More than a dozen US states require employers to share salary ranges, but these efforts haven’t yet closed the gender pay gap.

A sign that says 'Close The Pay Gap' is held by Nancy Reichman, a member of Colorado's Pay Equity Commission, during a rally in downtown Denver, CO on April 28, 2009. (Credit: Craig F. Walker/Getty Images)

12 min read

In 2007, Supreme Court Justice Ruth Bader Ginsburg wrote a blistering dissent in a Title VII case brought by Lilly Ledbetter, a former supervisor at a Goodyear Tire and Rubber plant who discovered she was paid less than male colleagues in equal or less senior positions, and sued for sex discrimination.

The dissent touched upon the pervasive problem of secrecy that today’s pay transparency laws are trying to solve. “Pay disparities often occur, as they did in Ledbetter’s case, in small increments; cause to suspect that discrimination is at work develops only over time,” Ginsburg wrote. “Comparative pay information, moreover, is often hidden from the employee’s view. Employers may keep under wraps the pay differentials maintained among supervisors, no less the reasons for those differentials.”

By the time Colorado enacted a law requiring employers to share salary information with potential job seekers in 2019, policymakers had been wrestling with fair pay issues like this one for decades. At the federal level they sought to remedy them first with the Equal Pay Act of 1963, and later with the Lilly Ledbetter Fair Pay Act of 2009, which expanded the statute of limitations on discrimination claims like Ledbetter’s, removing a hurdle for employees bringing lawsuits.

Thanks to pay transparency laws that have been enacted in more than a dozen US states and Washington, DC, workers have access to much more information about how their employers pay, and why. But like the policies that came before them, these laws haven’t yet resulted in a meaningful narrowing of the gender pay gap—one key goal of the movement.

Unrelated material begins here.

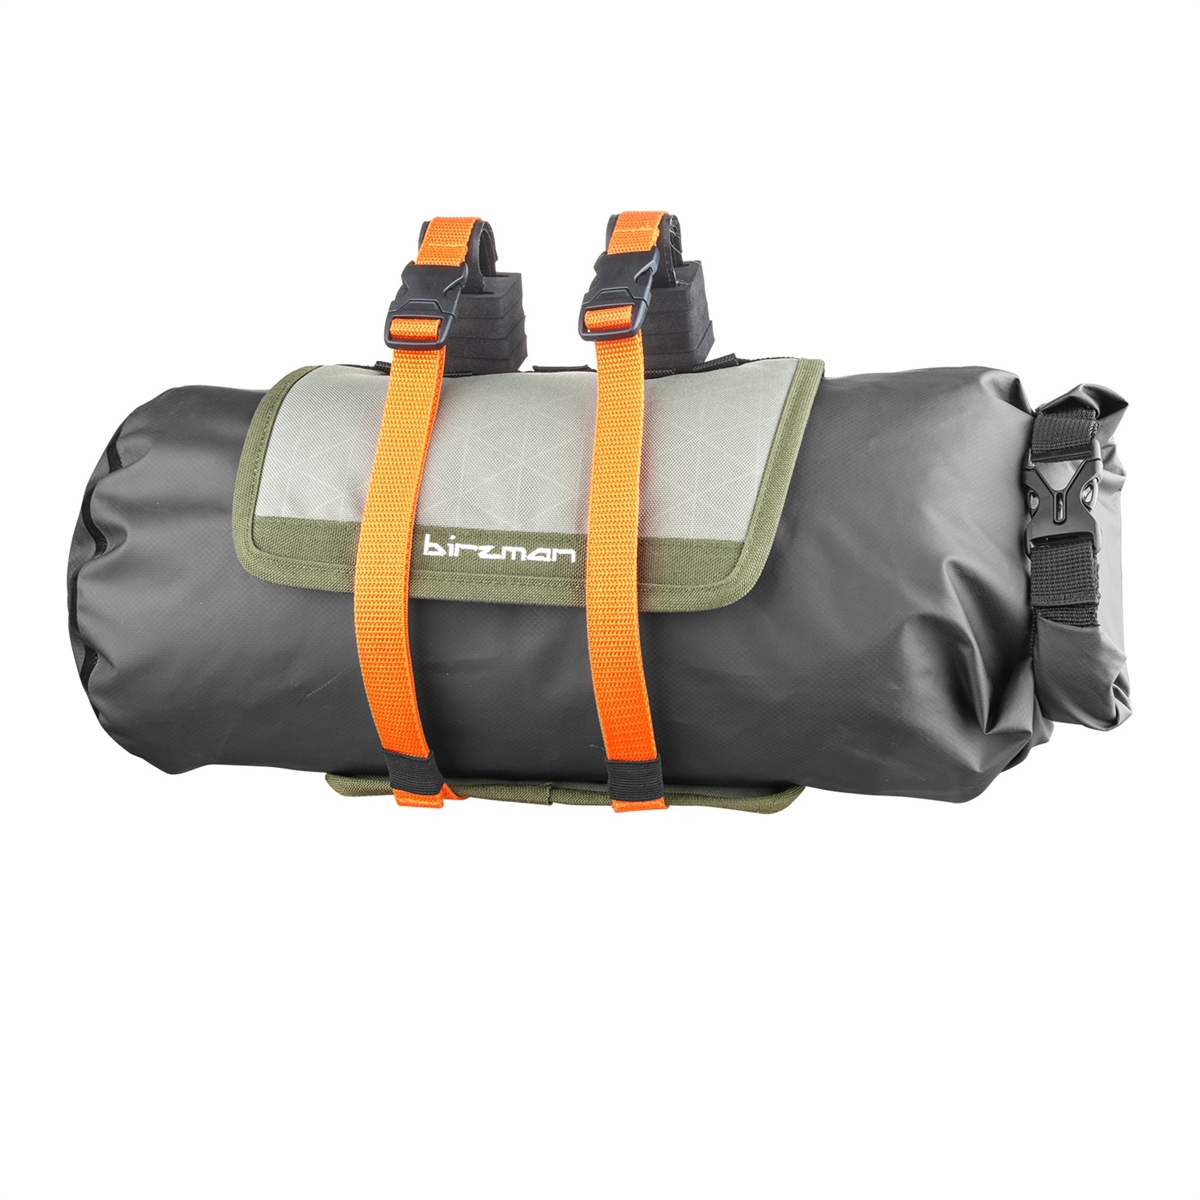 Packman handlebar pack bag 9,5lt green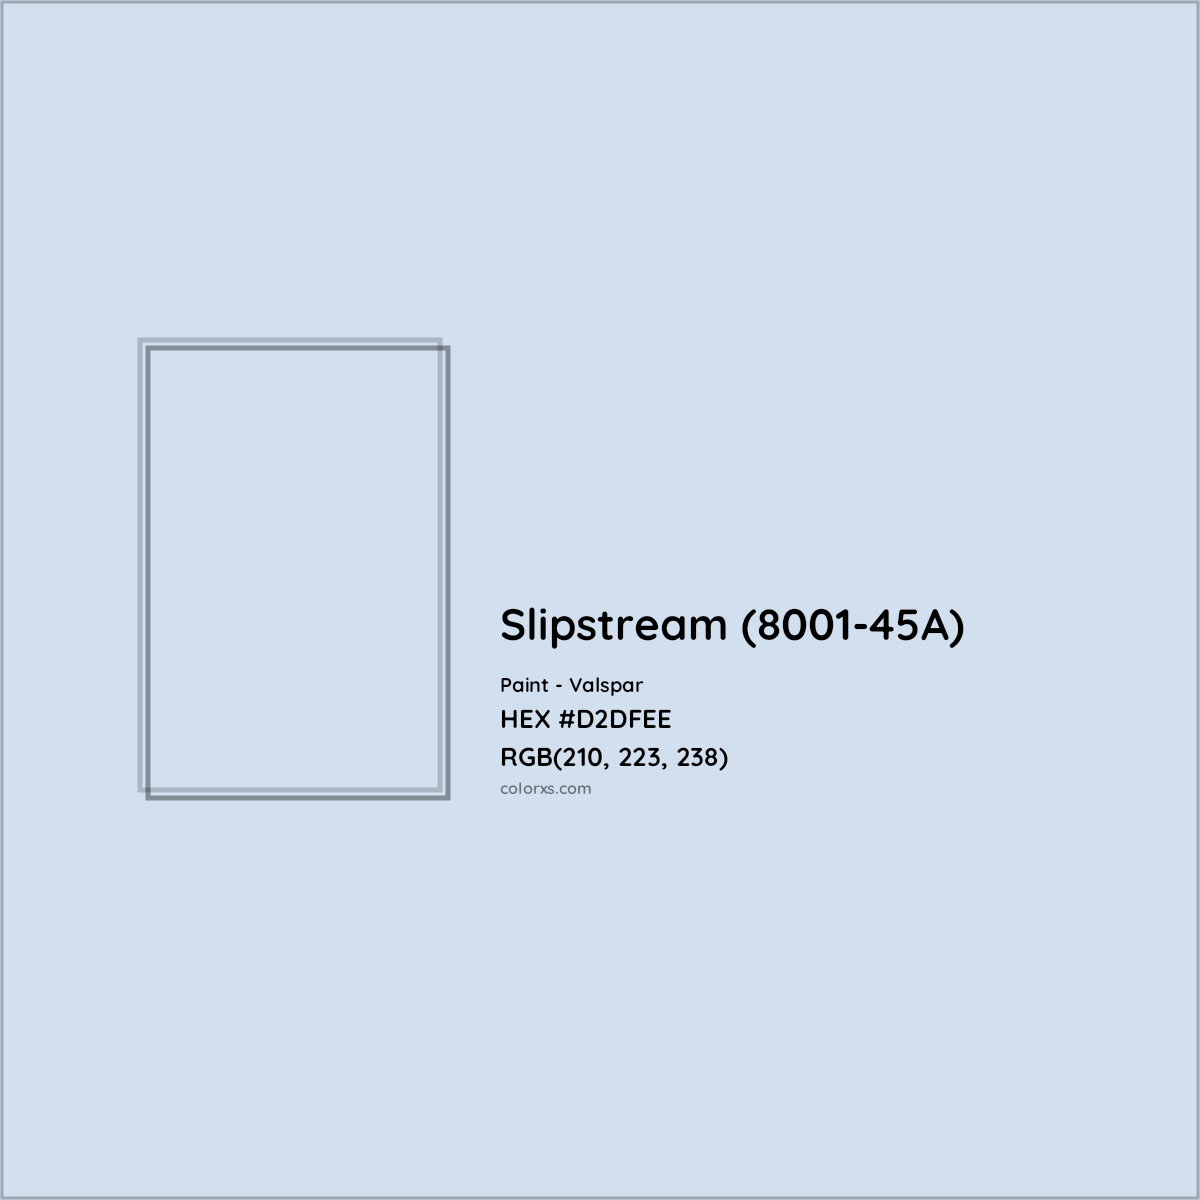 HEX #D2DFEE Slipstream (8001-45A) Paint Valspar - Color Code

The goal. Though pay transparency can refer to a variety of different compensation practices, the term generally describes laws requiring employers to disclose a good-faith salary range for the jobs they advertise.

Advocates who supported pay transparency legislation believed “giving people information at the time of a new job search was really crucial,” said Helena Almeida, VP, managing counsel with ADP. “It’s harder to increase somebody’s salary while they’re in a particular role. So getting that information to people at the beginning of a new job was vital.”

These pay transparency measures were preceded by a wave of state laws banning employers from asking about a candidate’s salary history, which was already helping to change the dynamics of compensation and bargaining power in the workplace, she added.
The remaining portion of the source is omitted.